Alumna’s 99 portraits are an intimate look at life with debt
Brittany M. Powell’s graduate thesis sparked years of photography, culminating in a new book
A photograph inside alumna Brittany M. Powell’s (M.F.A., ’15) recent book shows a young woman sitting in her living room surrounded by the stereotypical trappings of millennial life: mid-century modern furniture, a handful of books with artistic covers and colorful framed prints. At first glance, the photo could be pulled from an interior design website about urban living. But the caption — a handwritten note by the subject — tells a different story.
“Debt Portrait #17, Portland, OR 2014,” it says. “Wynde Dyer, artist and cab driver. $150,000 +/-.”
The photo of Dyer is just one of the 99 portraits Powell captured in her book, “The Debt Project: 99 Portraits Across America.” It’s a project she began in 2013 as a graduate student in photography at San Francisco State University. Her work is both personal — Powell is one of the 99 portraits — and political. The decision to capture 99 portraits was a nod to the 2008 Great Recession and the Occupy Wall Street-era slogan “We are the 99%.” Powell hopes her work advances conversations around income inequality and the widening wealth gap.
Powell composed the portraits in the style of Flemish paintings, which depicted their subjects surrounded by personal possessions. Powell’s subjects are posed solemnly in their homes, among their knickknacks, plants and books. Accompanying the photos are handwritten explanations that detail the origin and amount of their debt load. The most common culprit: student loans and credit card debt. In Dyer’s case, her mother committed credit card fraud in her name.
Like Dyer, Powell’s issue wasn’t student debt. Her problems began when a career as a freelance photographer wasn’t panning out, she says. Although her work appeared on National Geographic TV, it was too hard to make a living. “I struggled to make ends meet living in San Francisco, especially after the economic collapse in 2008,” she said. She wanted a career that offered financial stability. When she settled on teaching as an option, she filed for bankruptcy and applied to graduate school at SF State.
The faculty at the University intimately shaped the project, she says. “I had some very grueling critiques with professors who pushed me to create new meaningful work, which led me to start this project about my experience with debt,” she said.

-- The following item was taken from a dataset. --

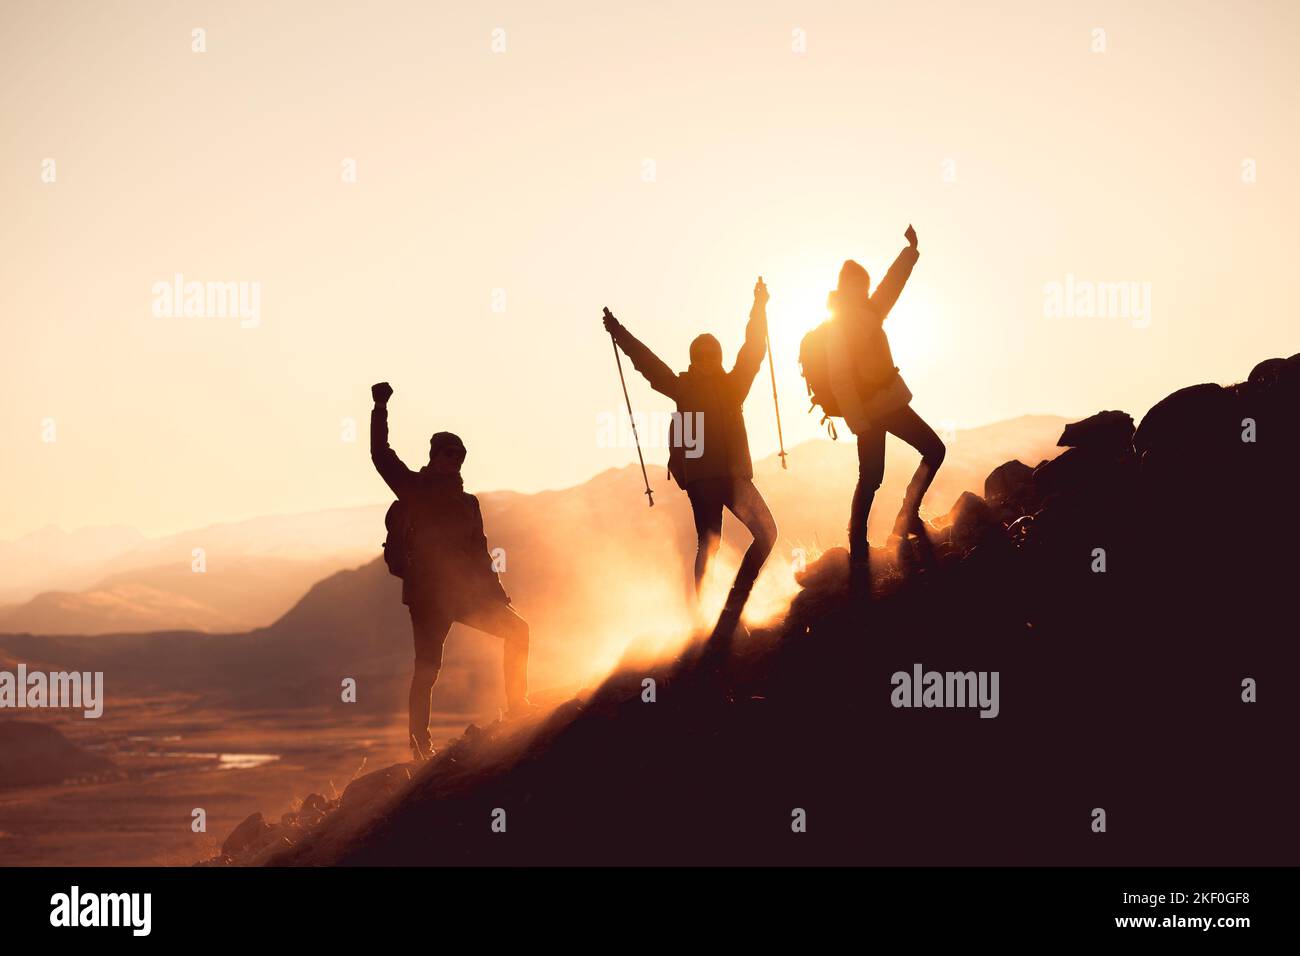 Silhouetten von drei glücklichen Wanderern, die mit erhobenen Armen am Berghang stehen Stockfoto

The project started off small — just 20 or so portraits of people she knew. But her professors told her it needed to include more diverse voices. So Powell launched a crowdfunding campaign on Kickstarter with the goal of completing 99 portraits. When she graduated in 2015, she had 35 subjects, which she posted on her website thedebtproject.net.
Over the next several years, she chipped away at the rest of the photographs. To recruit participants, she posted ads on Craigslist explaining her intentions and sharing her own personal story with debt. She also reached out to churches and nonprofit organizations. Several conversations with her subjects would follow.
“Most everybody participated because they felt like they had something to say about the subject,” Powell added. “They felt like they’d had an experience that they wanted to share and that it would be cathartic in some way to do that.”
In the seven years it took to complete the project, Powell moved to Vermont and began teaching and working in the marketing department of a college. She also became a mom. Just before the world shut down due to COVID-19 she finished her project, and the book was published in October 2020.
While her book took years to complete, the topic couldn’t be more relevant today. “My hope has always been that the project would contribute to the bigger conversation,” she said. And it has. Powell says activists have reached out to tell told her the book has been helpful in raising awareness around the issue of student debt and making people in these situations feel less alone.
Powell also hopes that the images demonstrate the importance of the arts — usually one of first fields to feel the squeeze when communities start tightening their belts. “We have such an opportunity to really think about how the arts and culture are so vital to our nation and how we should be funding them and supporting them,” she said. “We have an opportunity to really think about that as we rebuild so much of our economy that’s getting destroyed.”